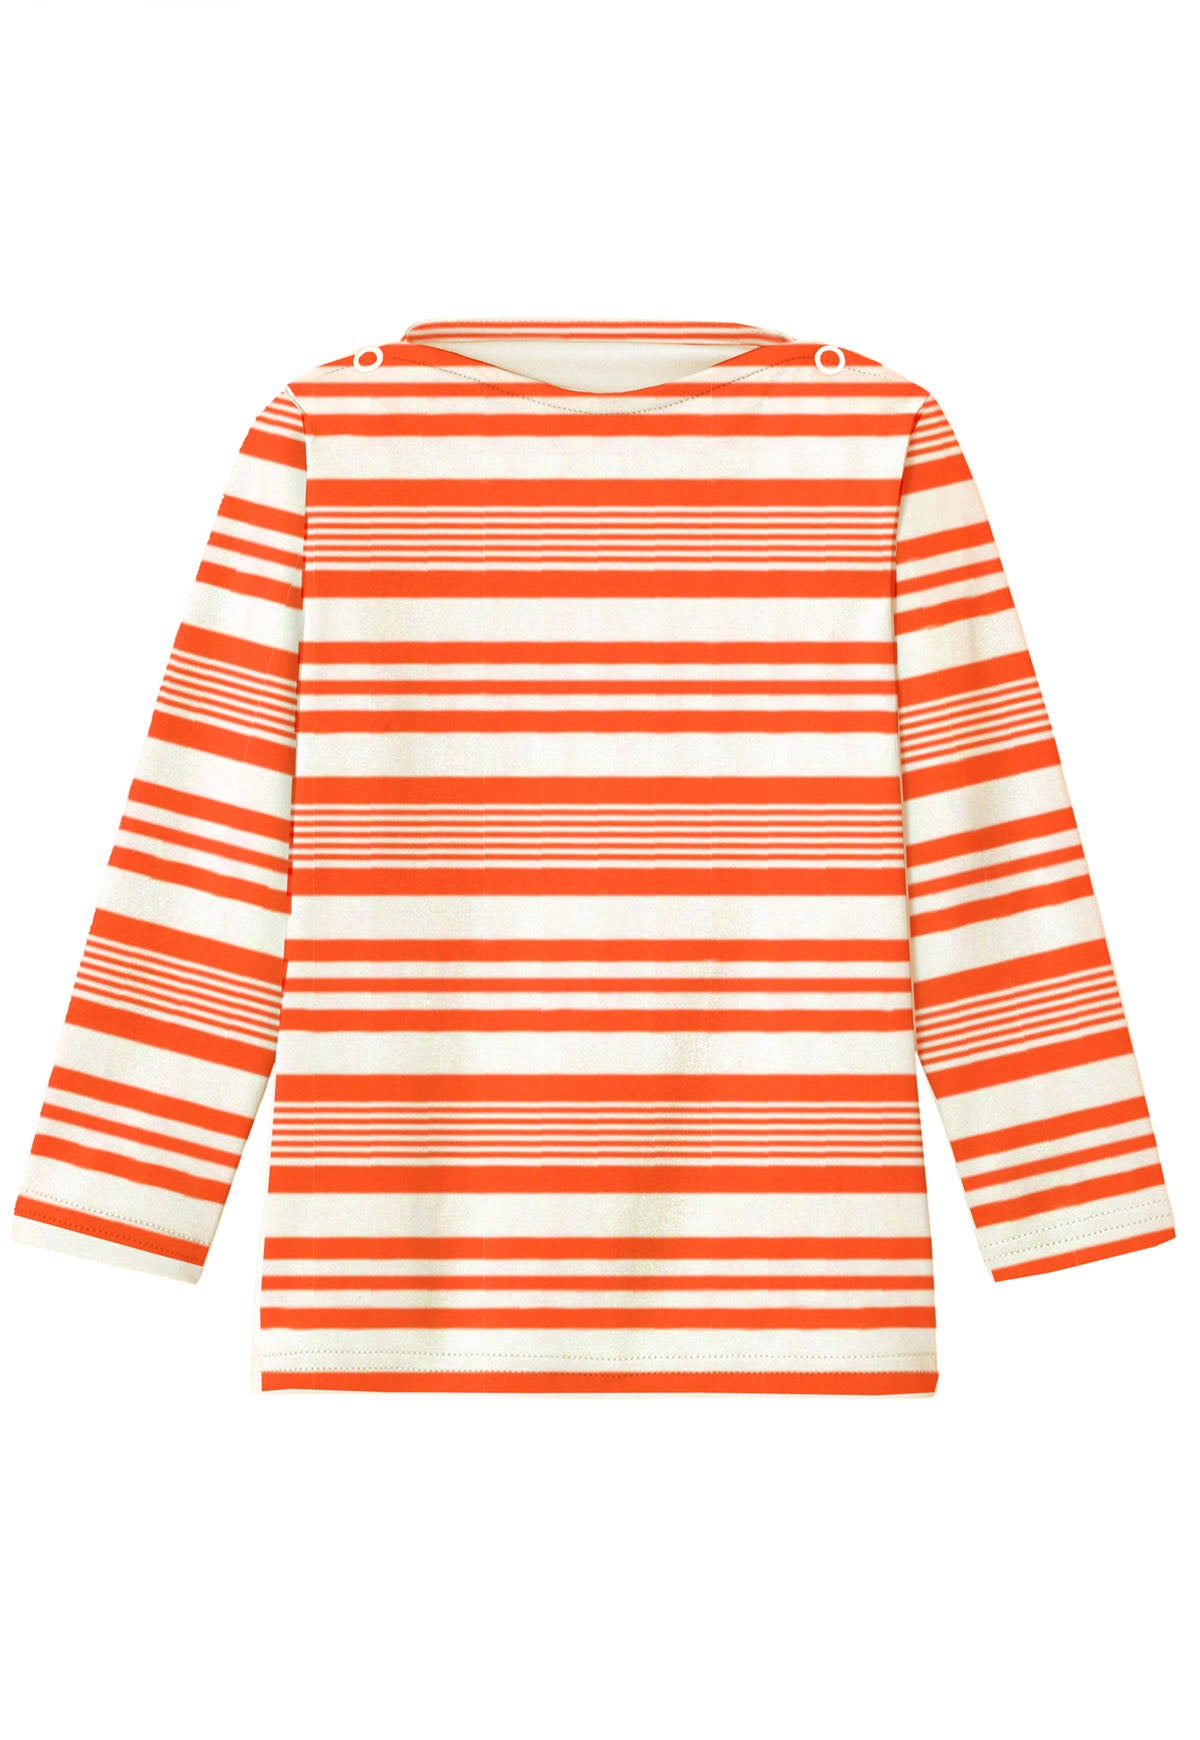 Boys' anti-UV t-shirt, orange striped | MALO T-SHIRT
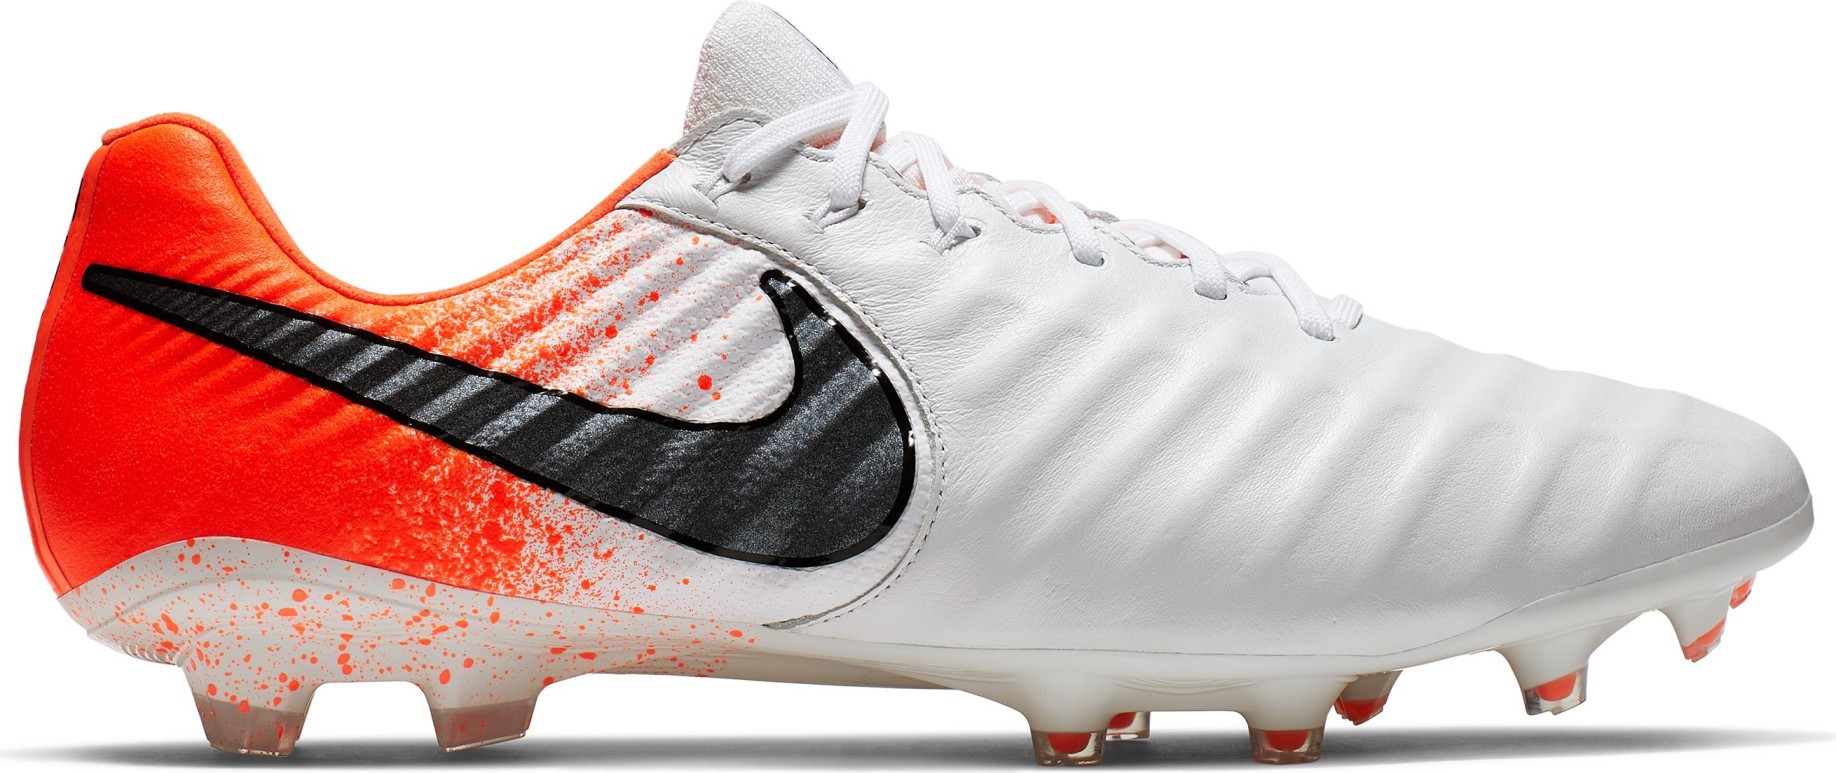 Las botas de fútbol Nike Tiempo Legend VII Elite FG Euforia Pack colore blanco -
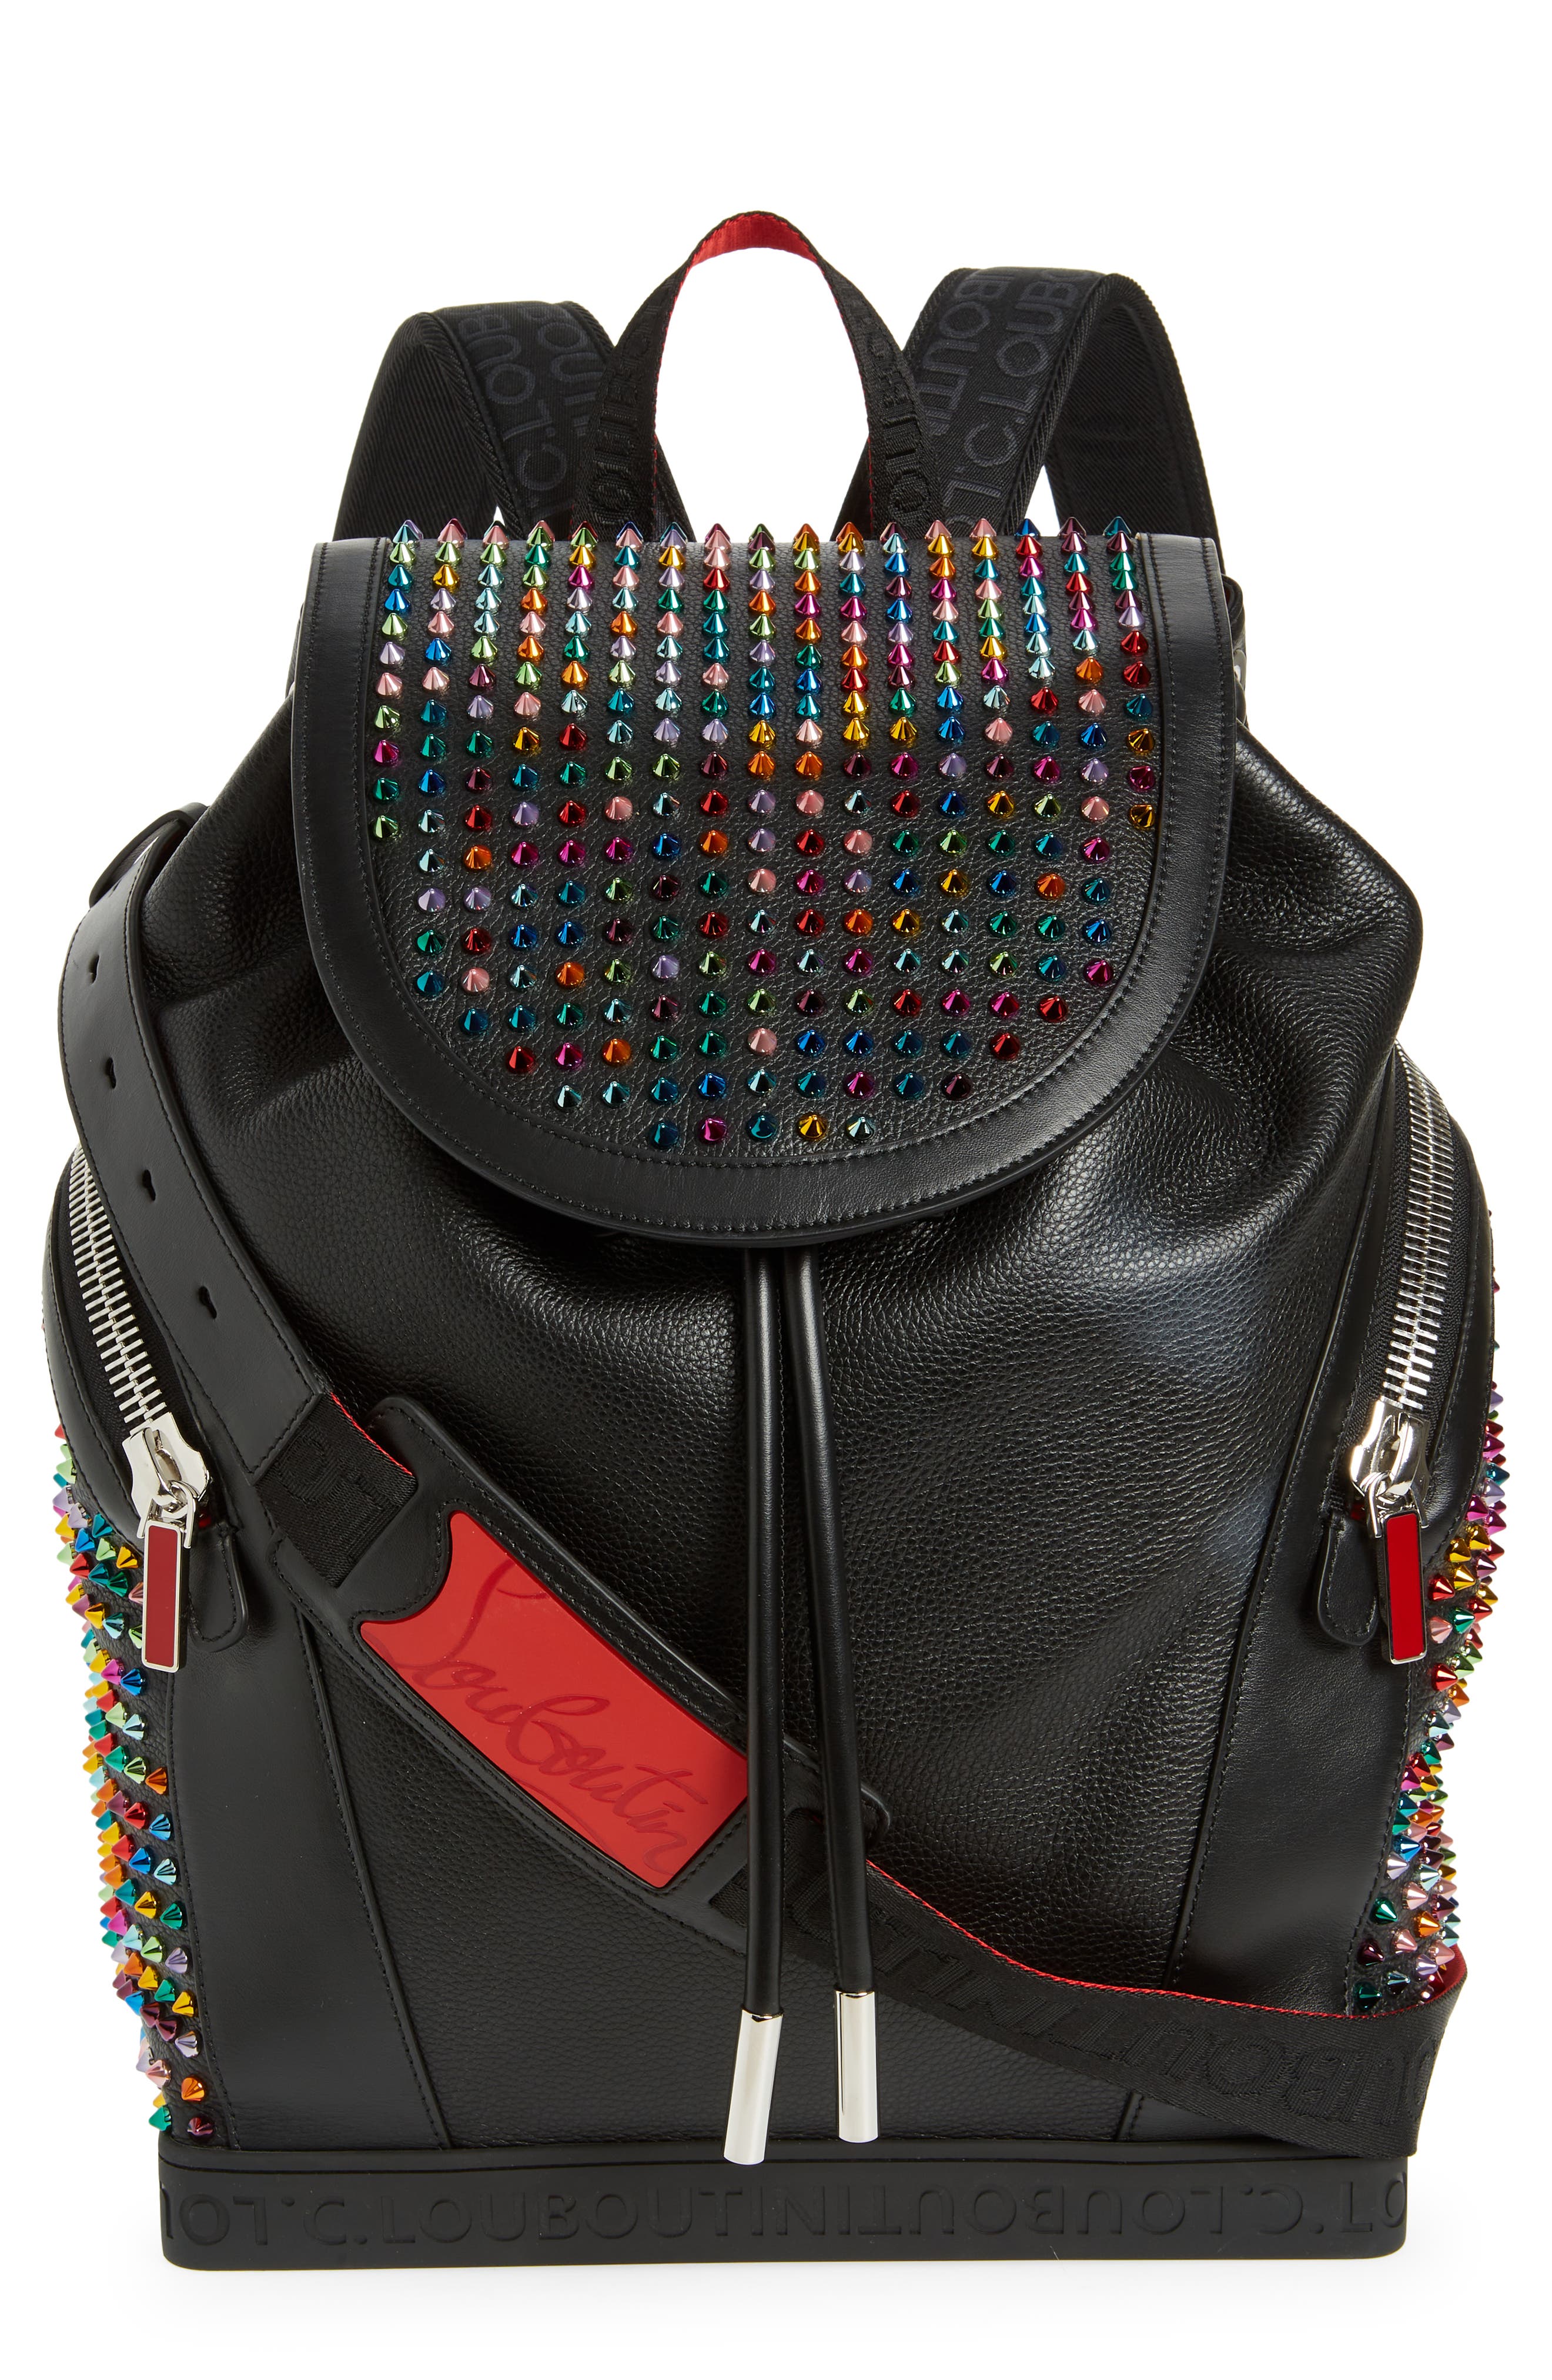 Christian Louboutin Explorafunk Spikes Calfskin Leather Backpack in Black/Black/Multi

* * * * *

### [Your instructions]
The full data, repeated exactly and stripped of its pictures, is the expected answer.

### [Result of the task]
 Boys' anti-UV t-shirt, orange striped | MALO T-SHIRT
 Las botas de fútbol Nike Tiempo Legend VII Elite FG Euforia Pack colore blanco -
 Christian Louboutin Explorafunk Spikes Calfskin Leather Backpack in Black/Black/Multi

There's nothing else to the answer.